Re:Gibberish, or code? (Score:2, Informative)
Re:What I don't understand (Score:3, Informative)
Use SPF! (Score:3, Informative)
That's what SPF [pobox.com] is for. It allows the owner of a domain to publish a specification of IP addresses which are allowed to use that domain name (foo.com). If somebody, who claims to be pete@foo.com now attempts to send a mail to an SPF-enabled receiver, his mail is rejected, because his IP is not in the foo.com approved set.
Rejection happens immediately on submission, so the mail stays on the fraudulent server.
"SallySmith@aol.com" probably did not send spam-mail from a ".kr" ISP.
Nor would that mail be accepted by an SPF-enabled sendmail. Indeed, AOL is one of the first major ISPs to have published SPF records [slashdot.org].
Re:It's SO gibberish (Score:3, Informative)

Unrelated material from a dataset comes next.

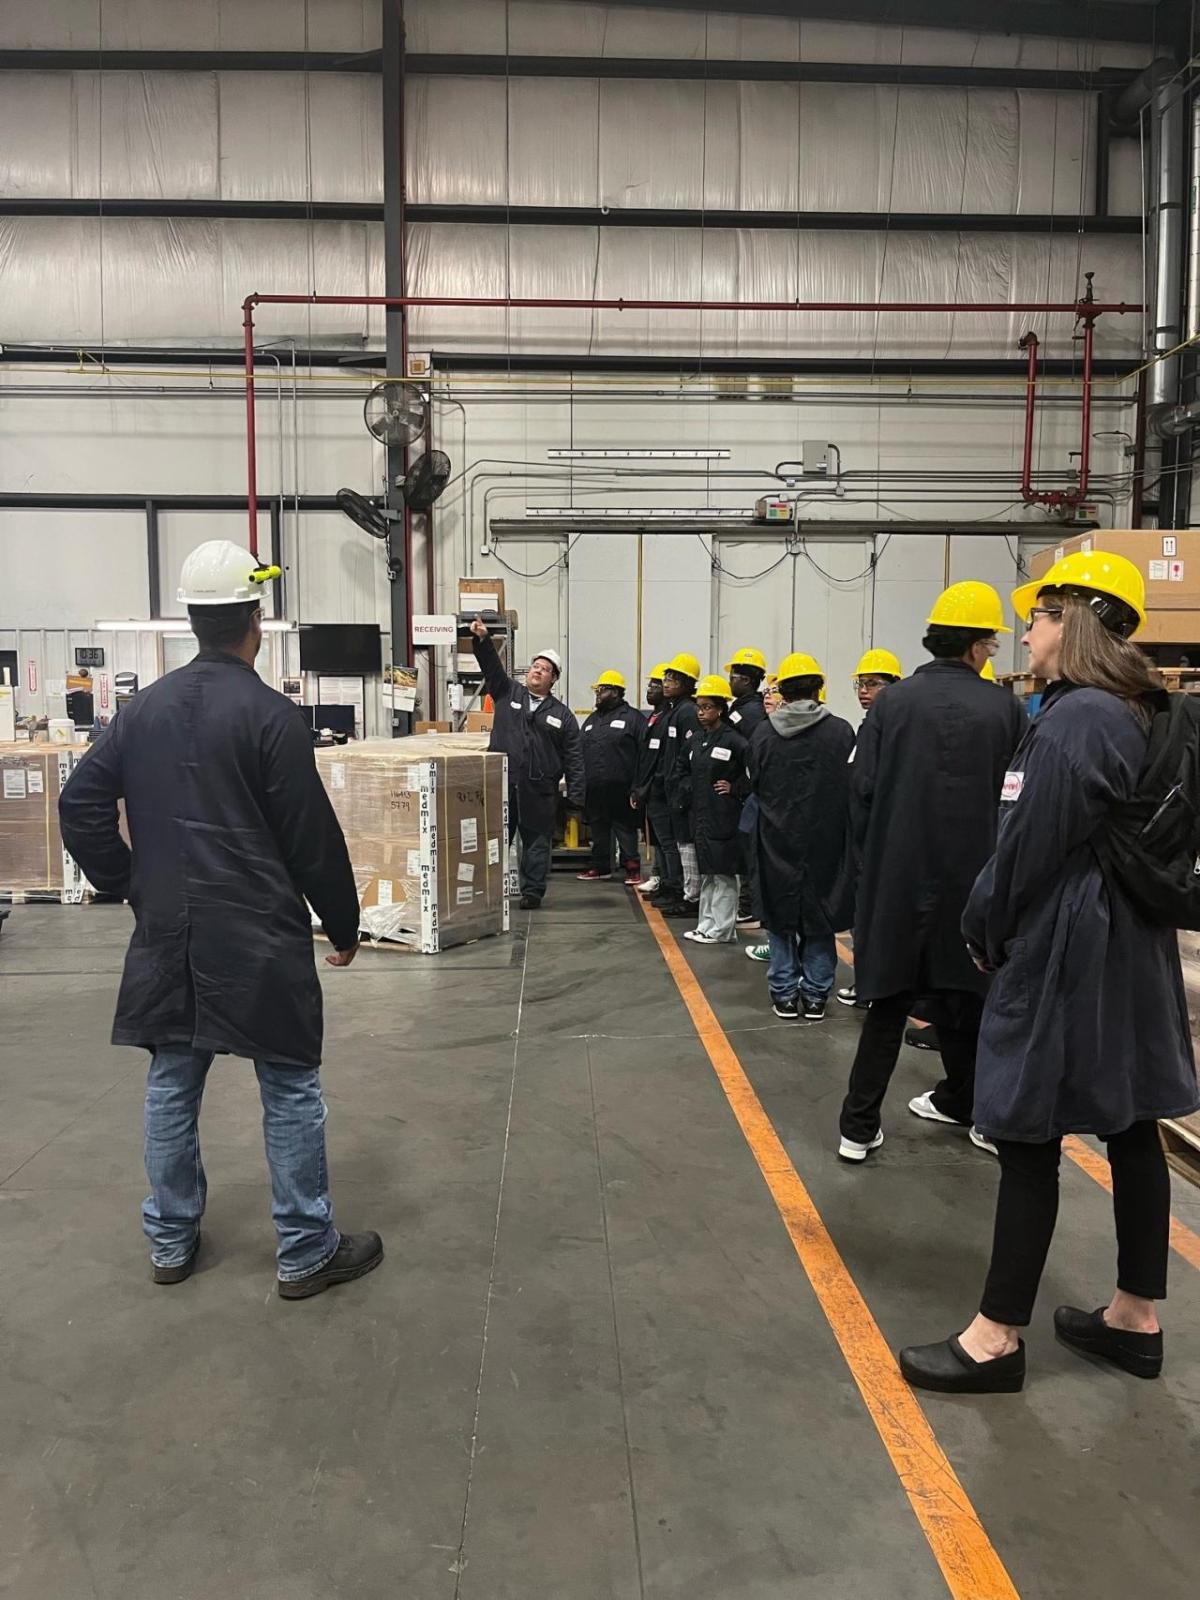 A group of staff and children on a tour of a warehouse.
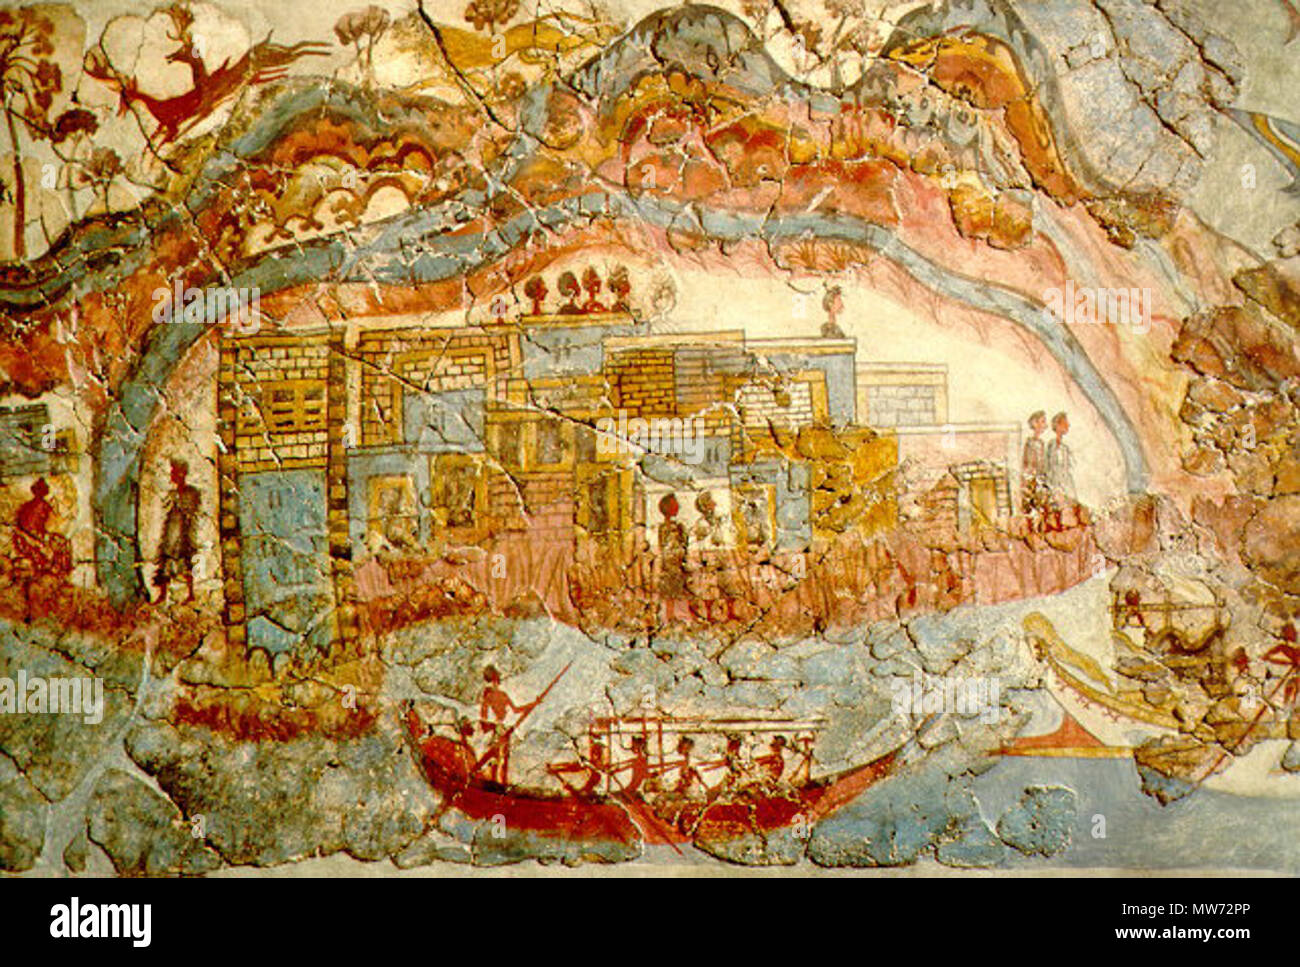 . fresco from the bronze age excavation of Akrotiri, Santorini, Greece. This image shows a cycladic town and boats in its harbour. ~ 1600 B.C.. unknown minoan artist 31 Akrotiri minoan town Stock Photo

I use POPFile [sourceforge.net], which is a perl Baysean filter. It works quite well even with spam which includes garbled words. I haven't tried playing with it yet, but it seems like it would be relatively straightforward to check for the number of words which are not already in its dictionary. Aftern the initial training, an email with more than a few new words is highly likely to be garbled spam (or from someone who received a new Thesaurus for Christmas.)